SOURCE DATA =>
● ● ●

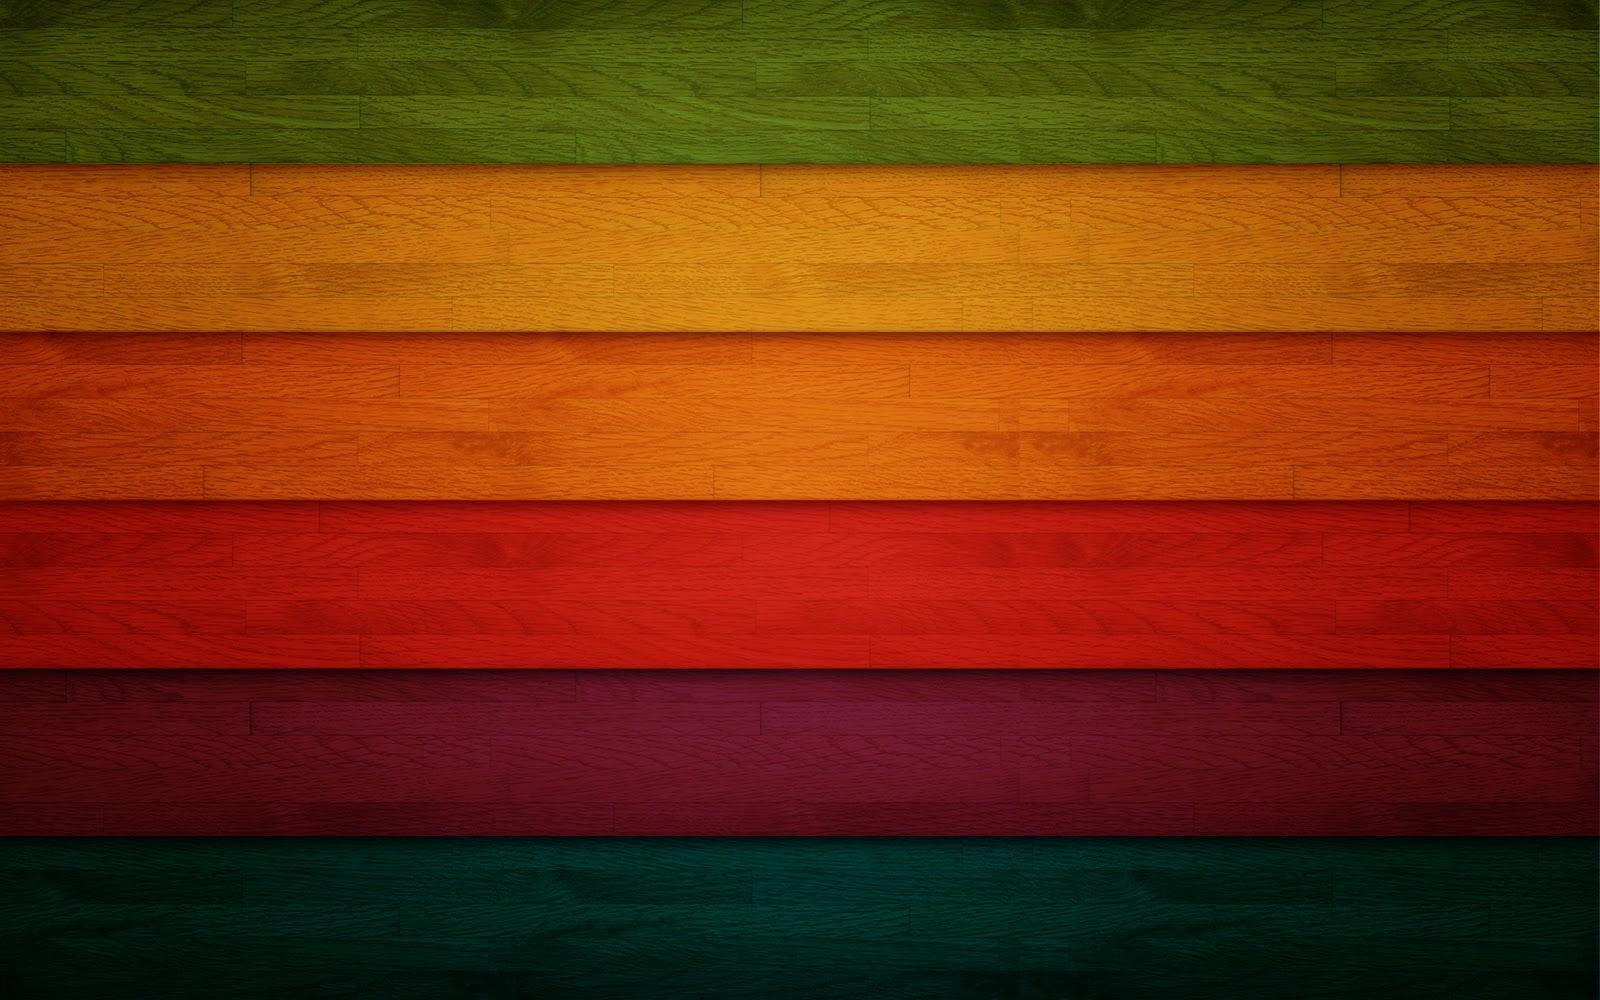 houten achtergronden hd - photo #27
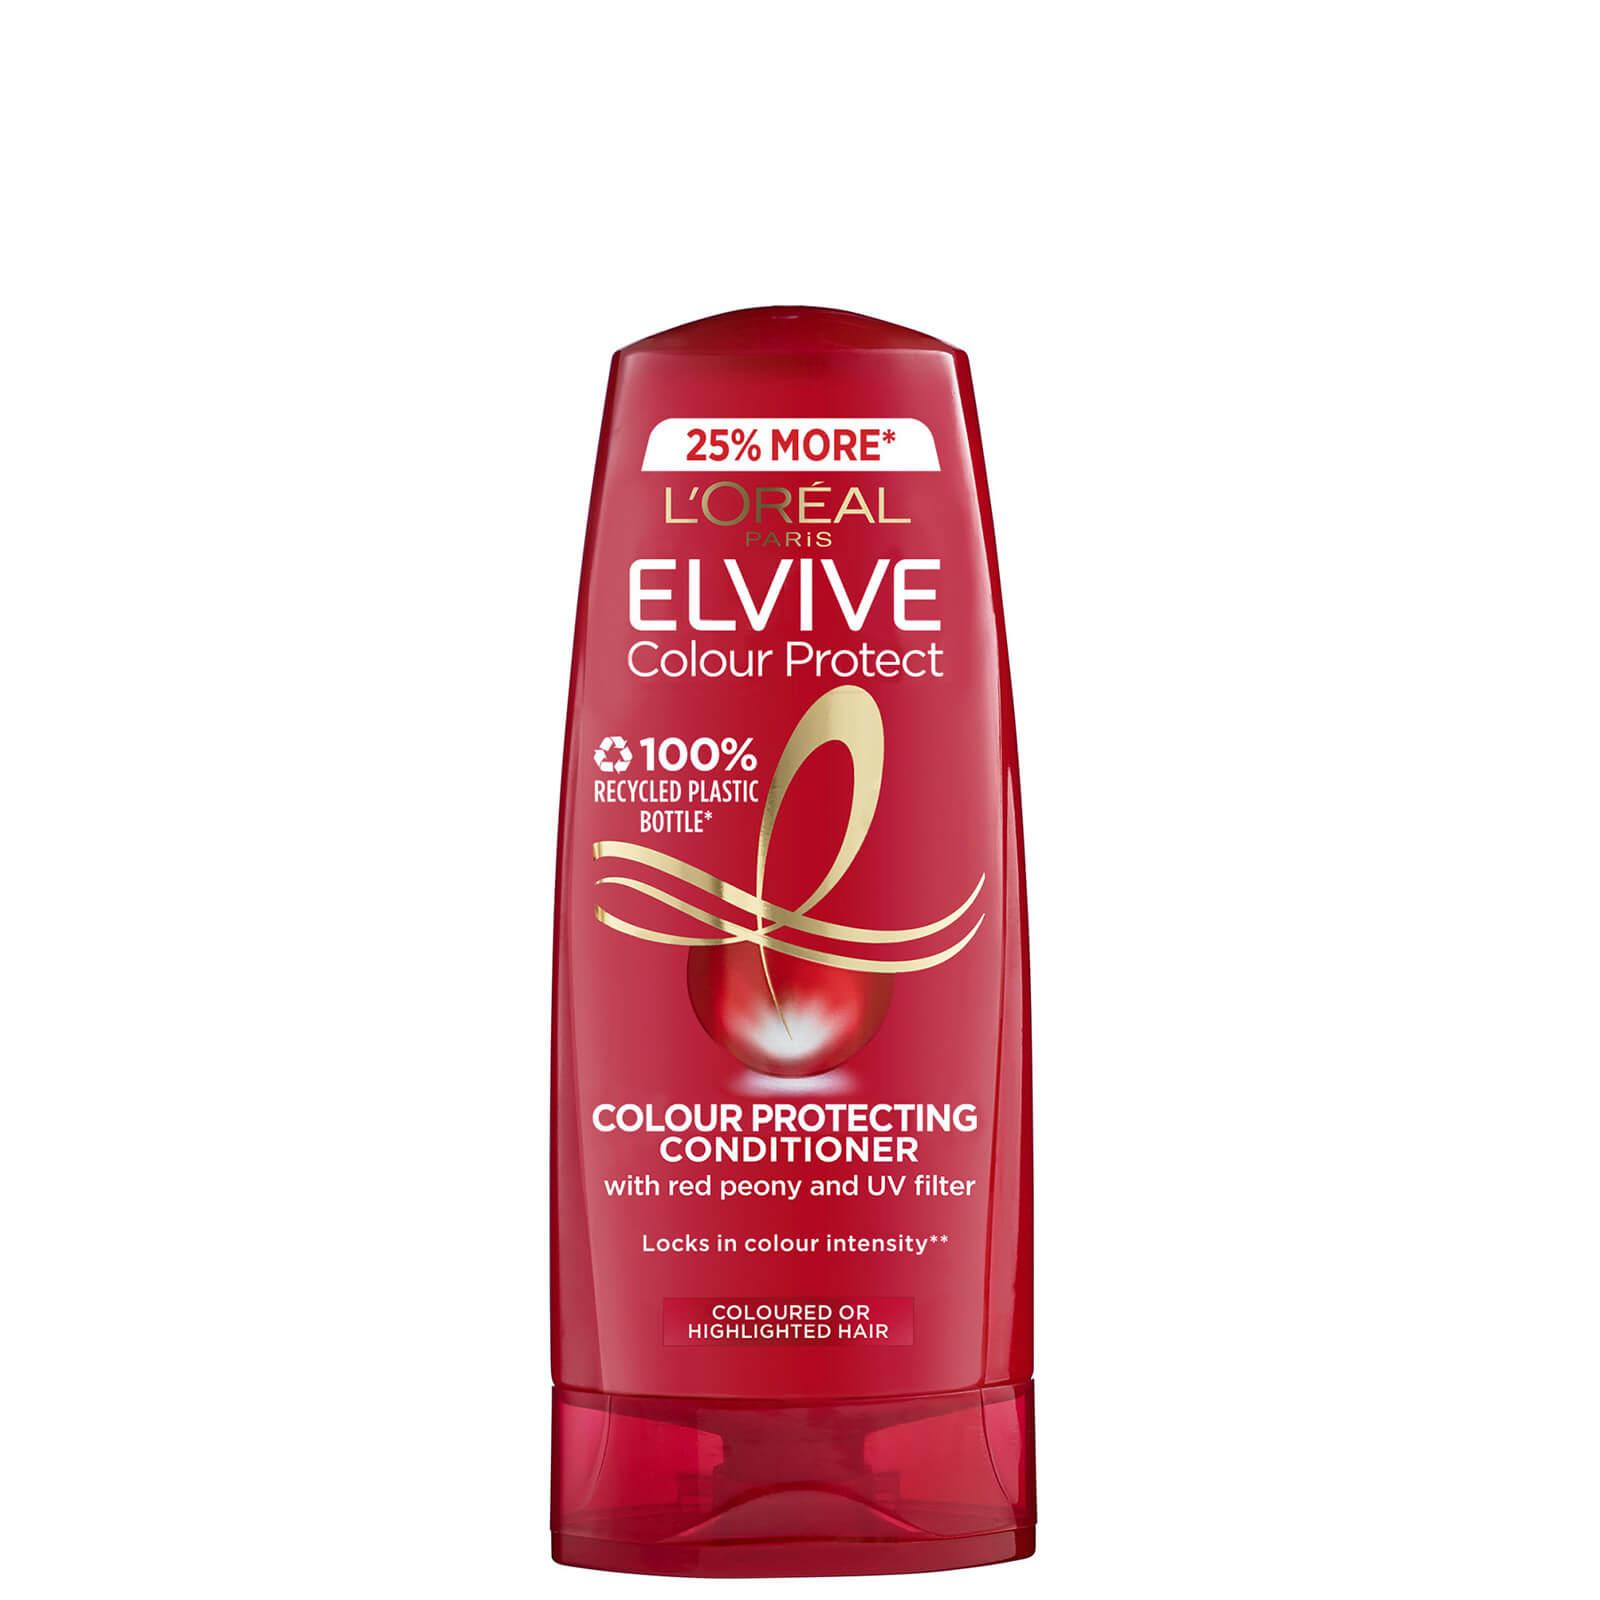 L'Oréal Paris Elvive Colour Protect Conditioner 500ml
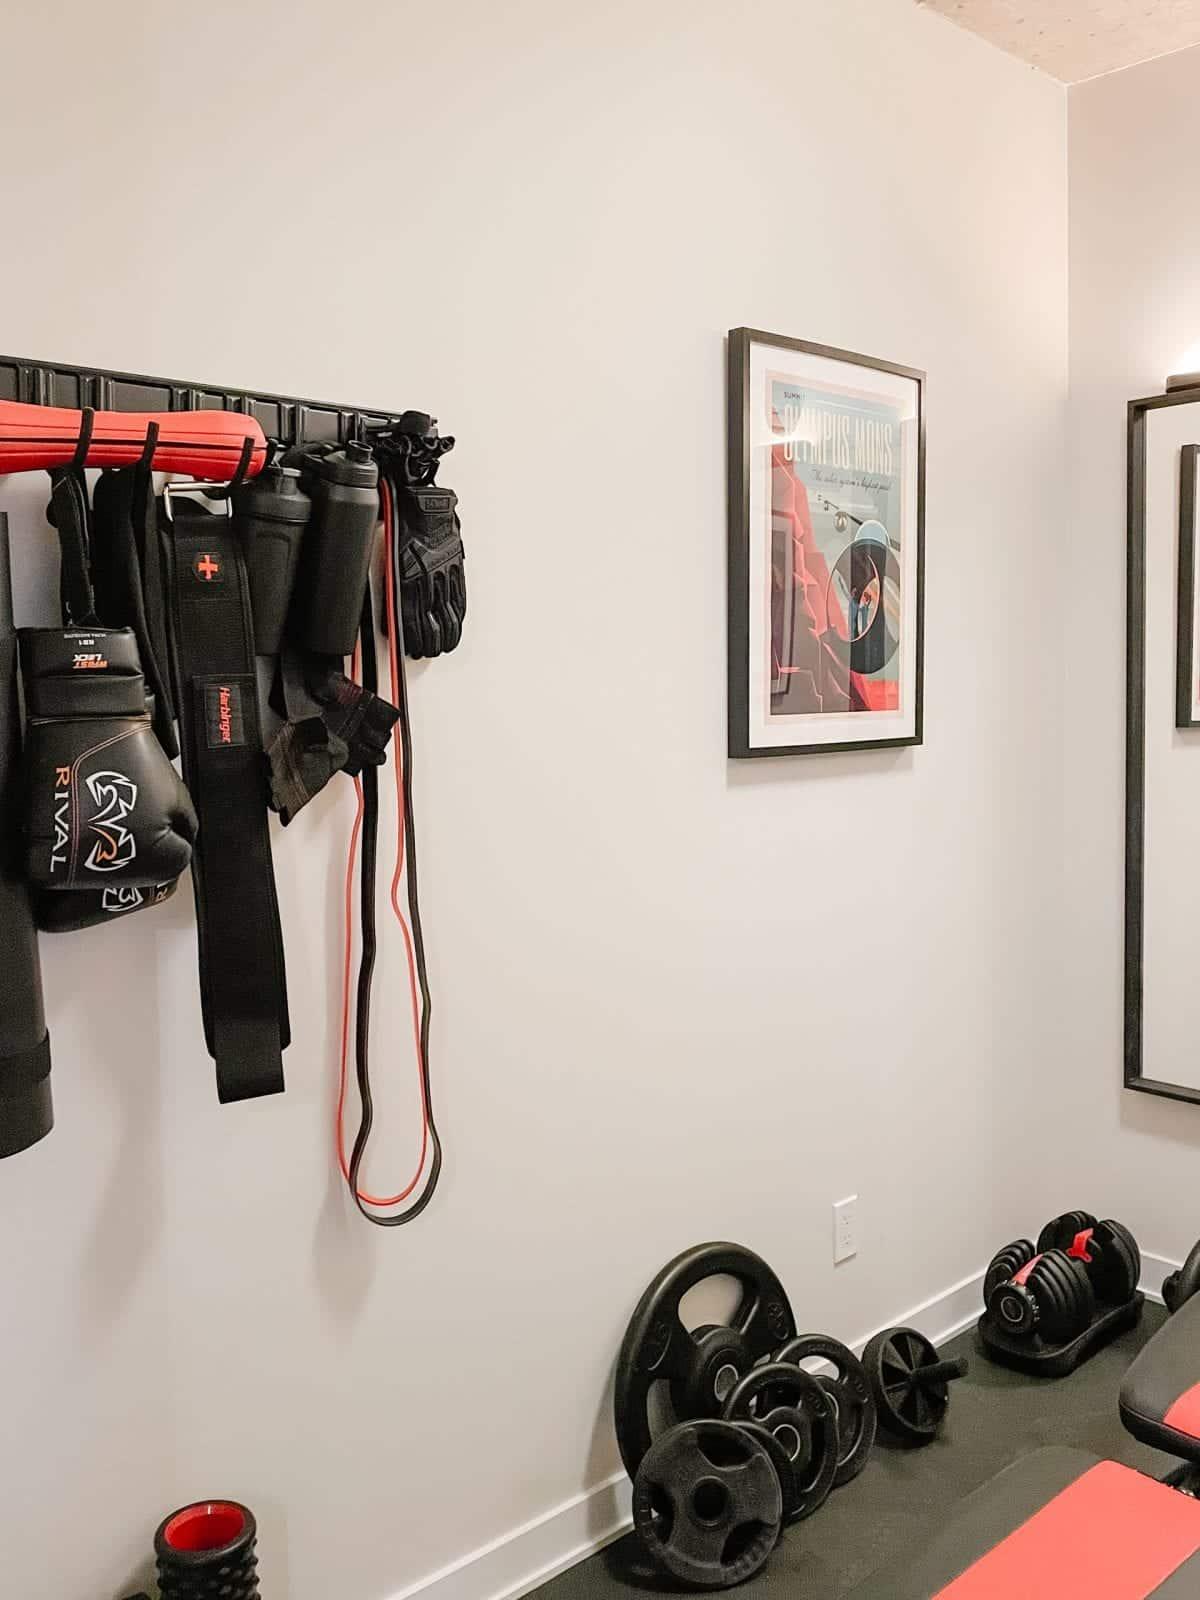 Condo Tour - Den converted into gym
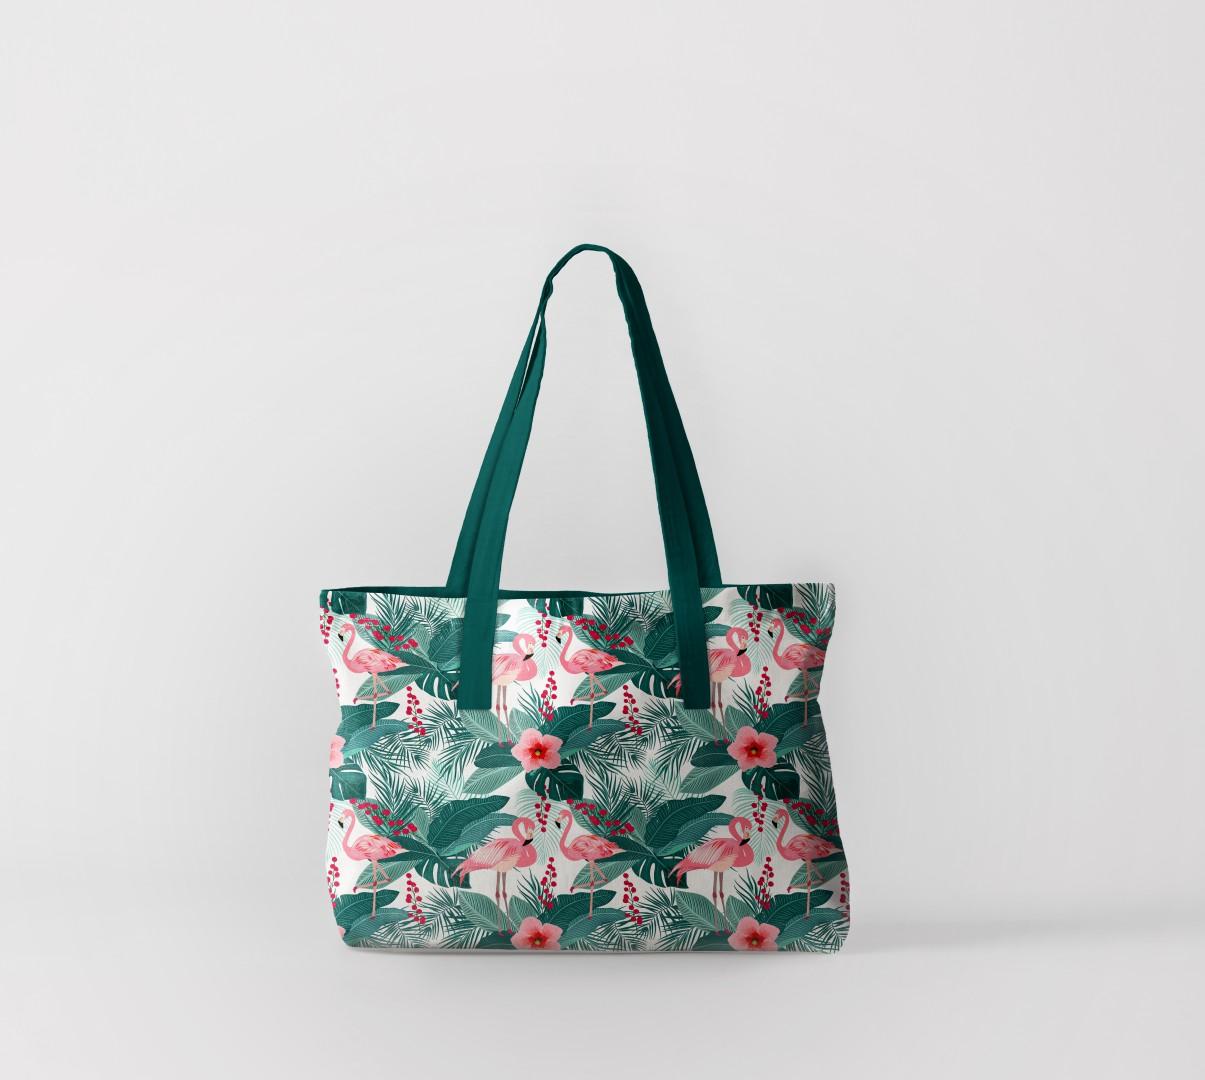 Пляжная сумка Пальмы и фламинго (50х40 см) Олимп Текстиль oli732587

● ● ●

WORK ORDER =>
When you copy the listing, keep every line exactly as it is but leave out all images.

TASK OUTPUT =>
 houten achtergronden hd - photo #27
 L'Oréal Paris Elvive Colour Protect Conditioner 500ml
 Condo Tour - Den converted into gym
 Пляжная сумка Пальмы и фламинго (50х40 см) Олимп Текстиль oli732587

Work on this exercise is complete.